Quando confrontados com o que gostaram do projecto, dois alunos apontaram o mirandês como a língua que menos gostaram de aprender. Importa referir que, na sessão sete, se registaram algumas situações de discriminação referente ao mirandês, uma vez que num pequeno debate em que a professora questionou os alunos acerca da preservação desta língua, três alunos referiram “Já não é necessário outra língua porque estamos satisfeitos” (L.); “Não é importante” (J.S.); “Não é necessário porque poucas pessoas a falam” (J.G.). Estes comentários só se revelaram contra a segunda língua oficial do nosso país, pois os alunos consideraram que deviam defender o português, dizendo “Se muitas pessoas falam o mirandês, depois deixam o português” (J.S.). Neste debate percebemos também que os restantes alunos valorizam as línguas estrangeiras, uma vez que tentaram que os colegas mudassem de opinião, afirmando: “Ao aprendermos outras línguas não quer dizer que esquecemos

a nossa língua” (M.S.); “Porque faz parte do nosso país” (M.C.). Após esta troca de

ideias, um dos alunos, o J.G., referiu “já mudei de opinião”, no entanto nos outros alunos tal não aconteceu.

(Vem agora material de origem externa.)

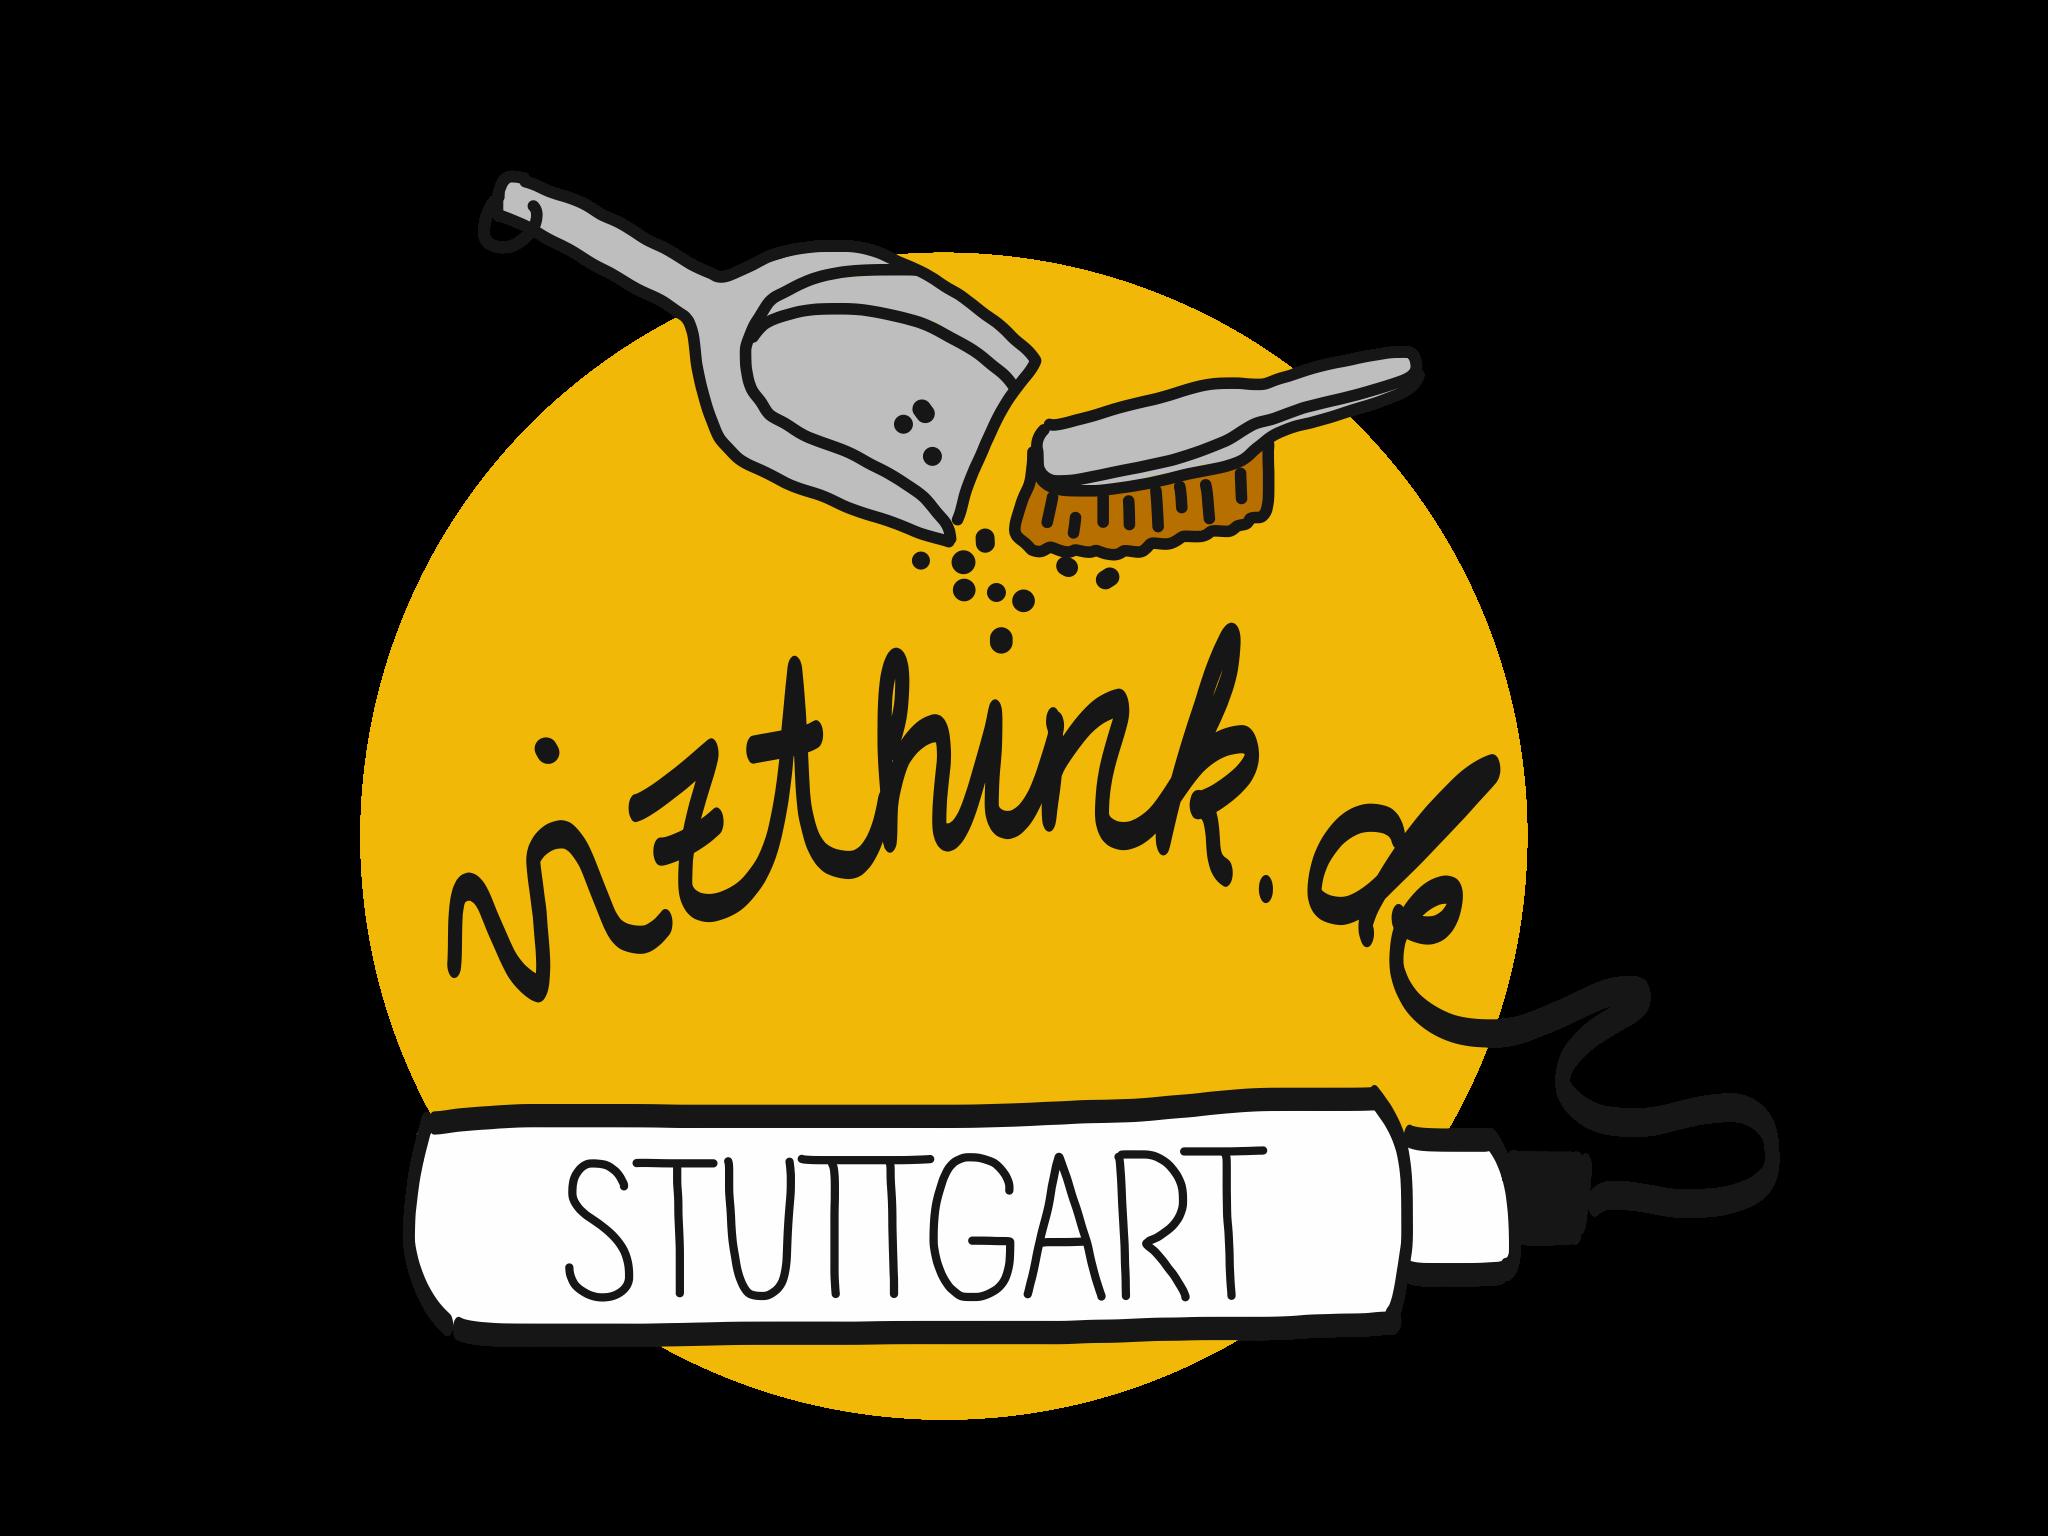 vizthink_stuttgart

Com a implementação deste projecto, consideramos que, de um modo geral, os alunos manifestaram atitudes de valorização da diversidade linguística e cultural com uma maior abertura, respeito e curiosidade pelas línguas, evidenciadas nas representações positivas desenvolvidas pela maioria dos alunos, como vimos anteriormente.

A análise do questionário e do diário da professora/investigadora permite- nos também auferir outra conclusão que se refere com o facto de os alunos terem sido capazes de reflectir sobre a diversidade linguística e cultural, mobilizando experiências e conhecimentos anteriores que lhes permitiram analisar as diferentes línguas, identificando semelhanças e diferenças entre elas e a sua língua materna,

78

capacidades importantes, na nossa perspectiva, no desenvolvimento da sua competência plurilingue e intercultural. Paralelamente a esta competência, os alunos desenvolveram uma cultura linguística, ampliando os seus conhecimentos acerca do mundo das línguas, das tradições e características dos povos que as falam e de alguns espaços geográficos em que elas são utilizadas.

Os resultados que obtivemos reforçam a necessidade de realizar a SDLC de forma mais sistemática em sala de aula, partindo das representações que os alunos já possuem sobre o mundo das línguas e das culturas, para que se possam ficar verdadeiramente motivados para uma valorização da diversidade linguística e cultural.

Considerações finais e perspectivas futuras

As propostas didácticas aqui descritas visaram promover a valorização da diversidade linguística e cultural, partindo do pressuposto presente no documento “Currículo nacional para o ensino básico: competências essenciais” de que as aprendizagens em línguas estrangeiras, no 1.º CEB, “deverão ser orientadas no sentido de uma Sensibilização à Diversidade Linguística e Cultural (...) na criação de espaços de receptividade a outras línguas e outras culturas (...) ao estabelecimento de relações entre estas e a língua materna e ao convívio com outros modos de ser, de estar e de viver” (DEB, 2001: 45).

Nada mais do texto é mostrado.